Deaf children have always been at risk of social isolation from their hearing peers, and from the hearing adult world around them. So, too, have deaf children often been at risk of getting a substandard education. Outcomes for deaf students, broadly considered, have persistently lagged behind those of their hearing peers. As a result, reformers and educators have been tinkering with their approaches for as long as schools for the deaf have existed - a period now approaching two centuries in the United States (Baynton, Gannon, & Bergey 2007).

In the present article, we use elements of social capital theory to explore the rapidly changing landscape of deaf education in America, and to suggest what we believe are positive steps that could be taken to improve education for deaf students in the United States. We believe that the social capital framework we present here helps to illuminate and clarify some of the more complex features of educational reform for deaf students, and as well generates a number of productive areas for future research in the field. Social capital theory posits that human relationships, and networks of relationships, have a value that often goes undetected or underappreciated in education. Human relationships rely at their most basic and profound levels, on communication - which, for deaf students, is of overriding concern.

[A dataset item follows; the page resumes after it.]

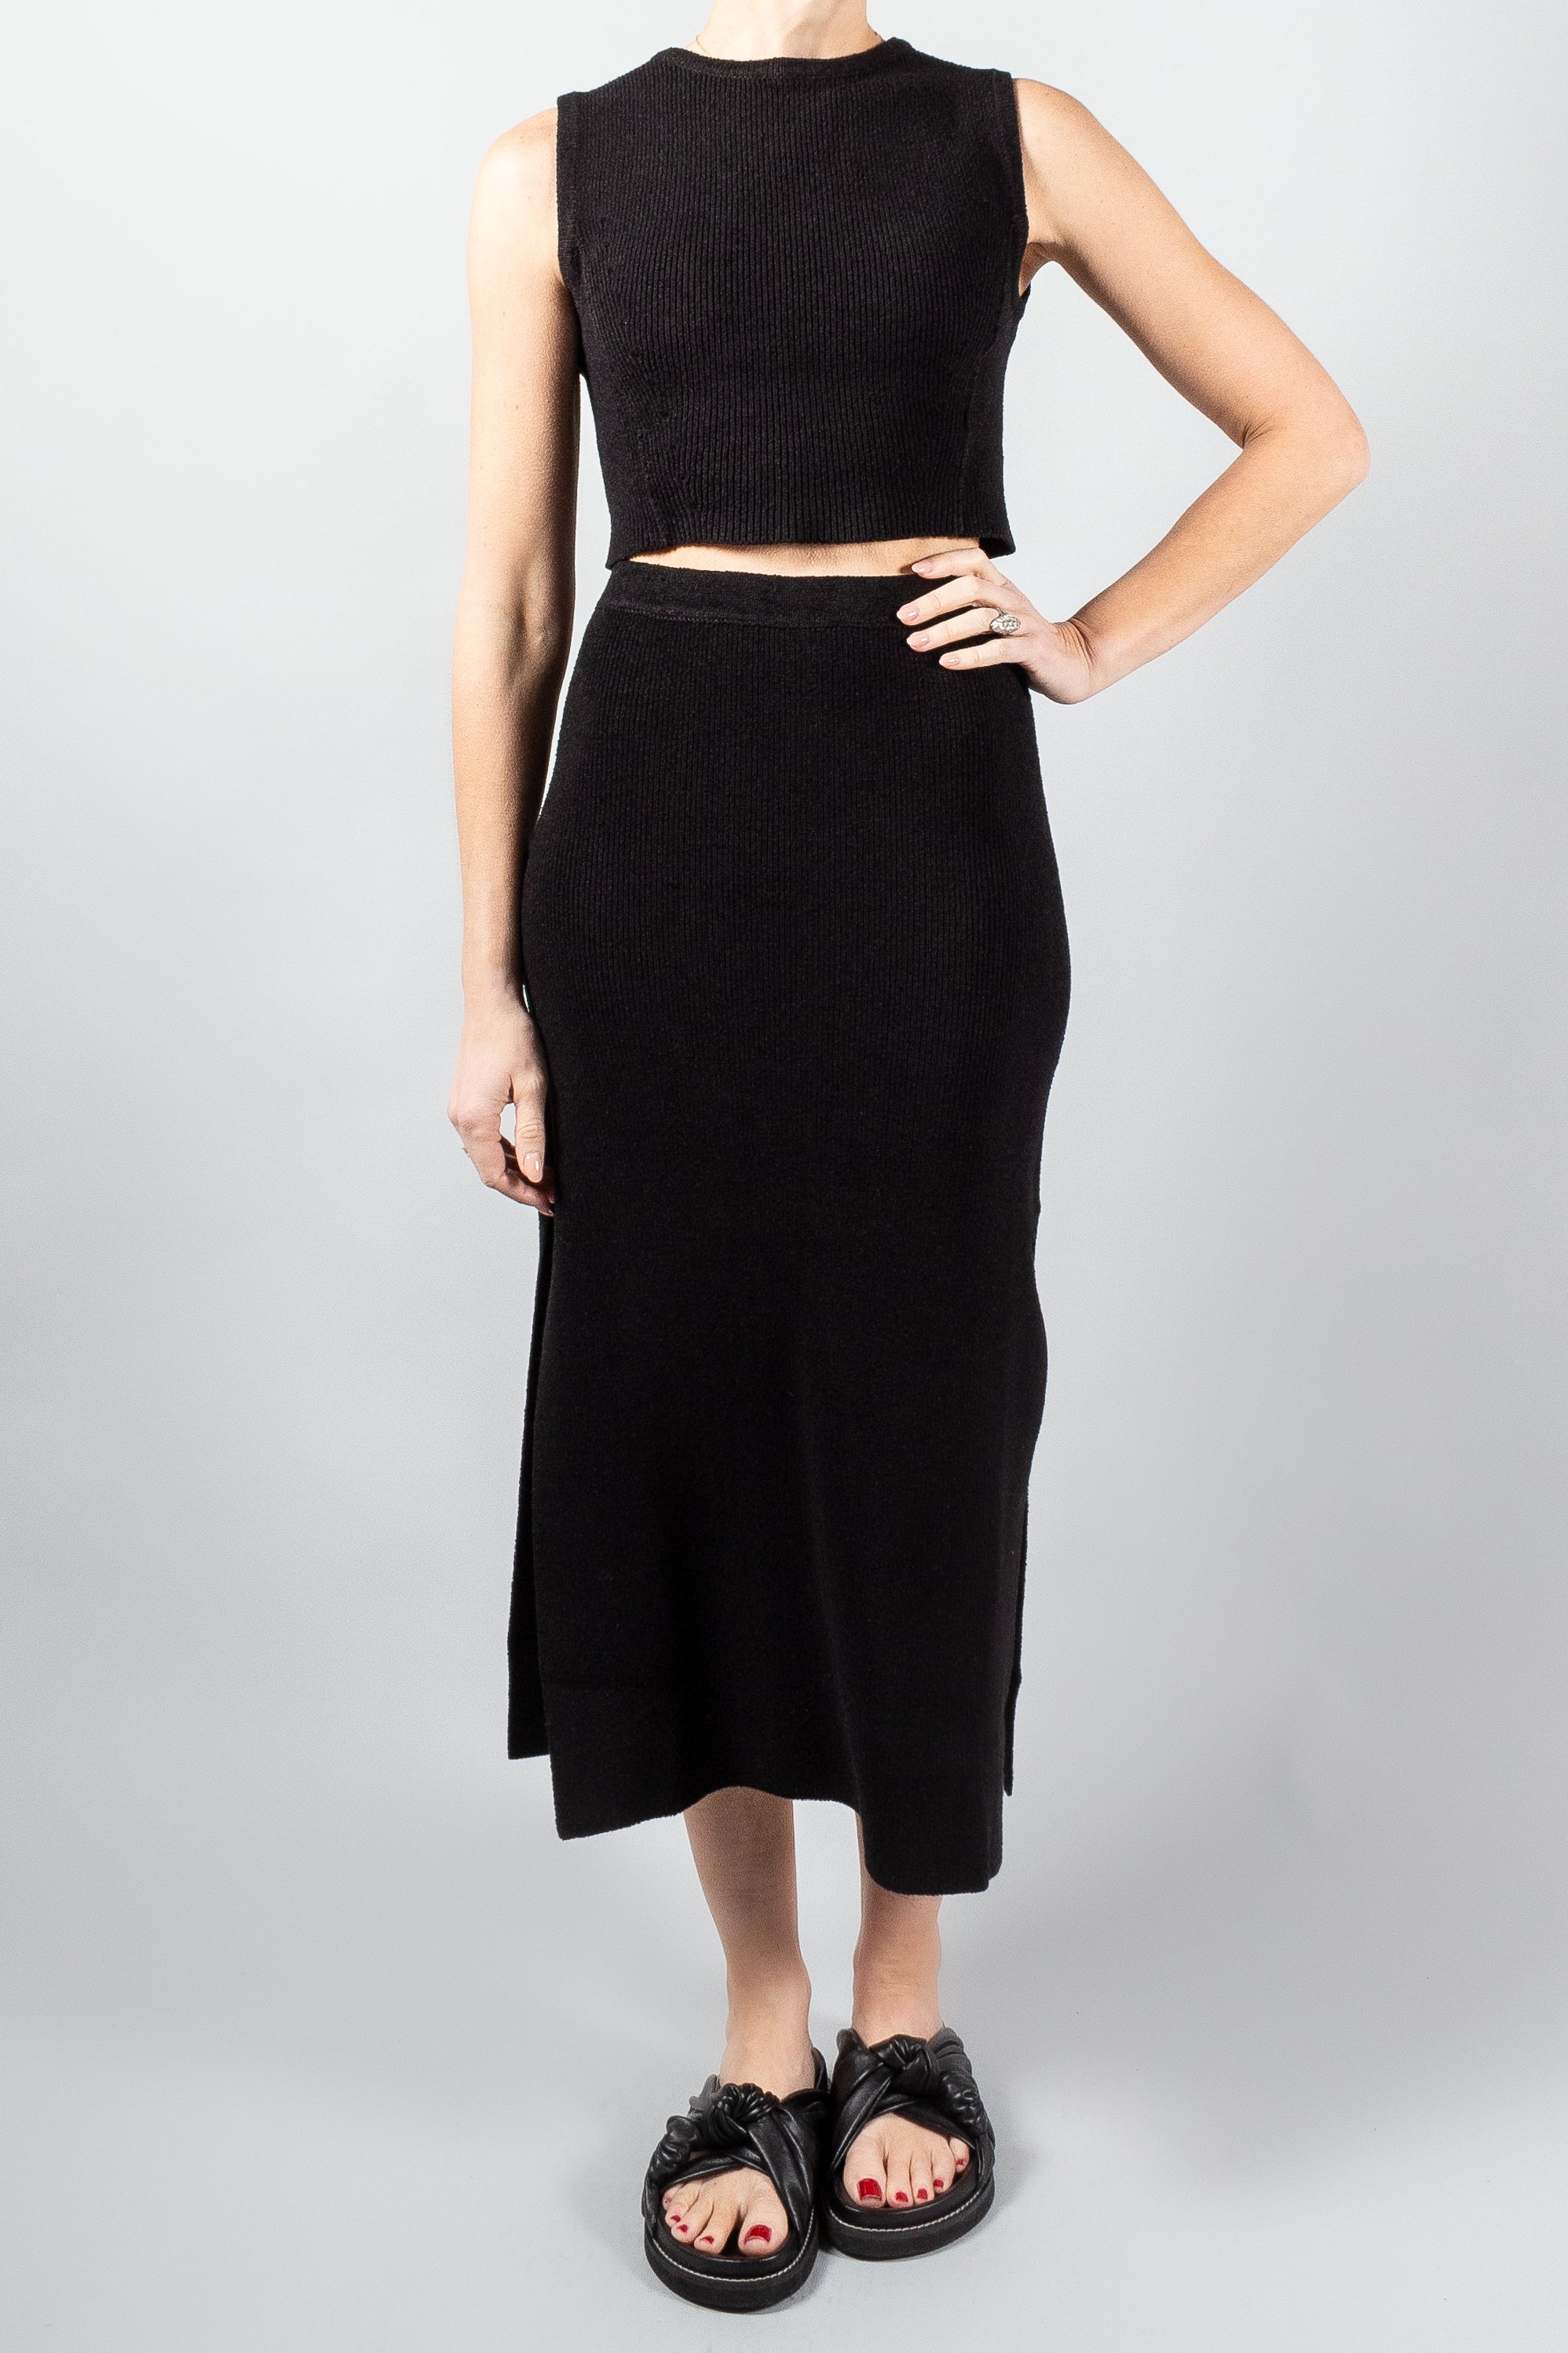 Loulou Studio Aalis Skirt-Skirts-Misch-Boutique-Vancouver-Canada-misch.ca

Deaf Education and Relational Networks

Communication has been at the heart of deaf education from the beginning, since by it students connect with the world and form the sorts of social networks that are essential for acquiring access to information, gaining employment, and finding satisfaction in community life. Yet debates over communication with deaf children have never been ruled by empiricism alone; power, ideology and politics have tangled over what sort of approaches "should" be used with deaf children, and what sorts of eventual outcomes the field ought to seek. Excellent historical reviews of the communication debates can be found in Baynton (1998), Branson and Miller (2002), and Lane (1992). …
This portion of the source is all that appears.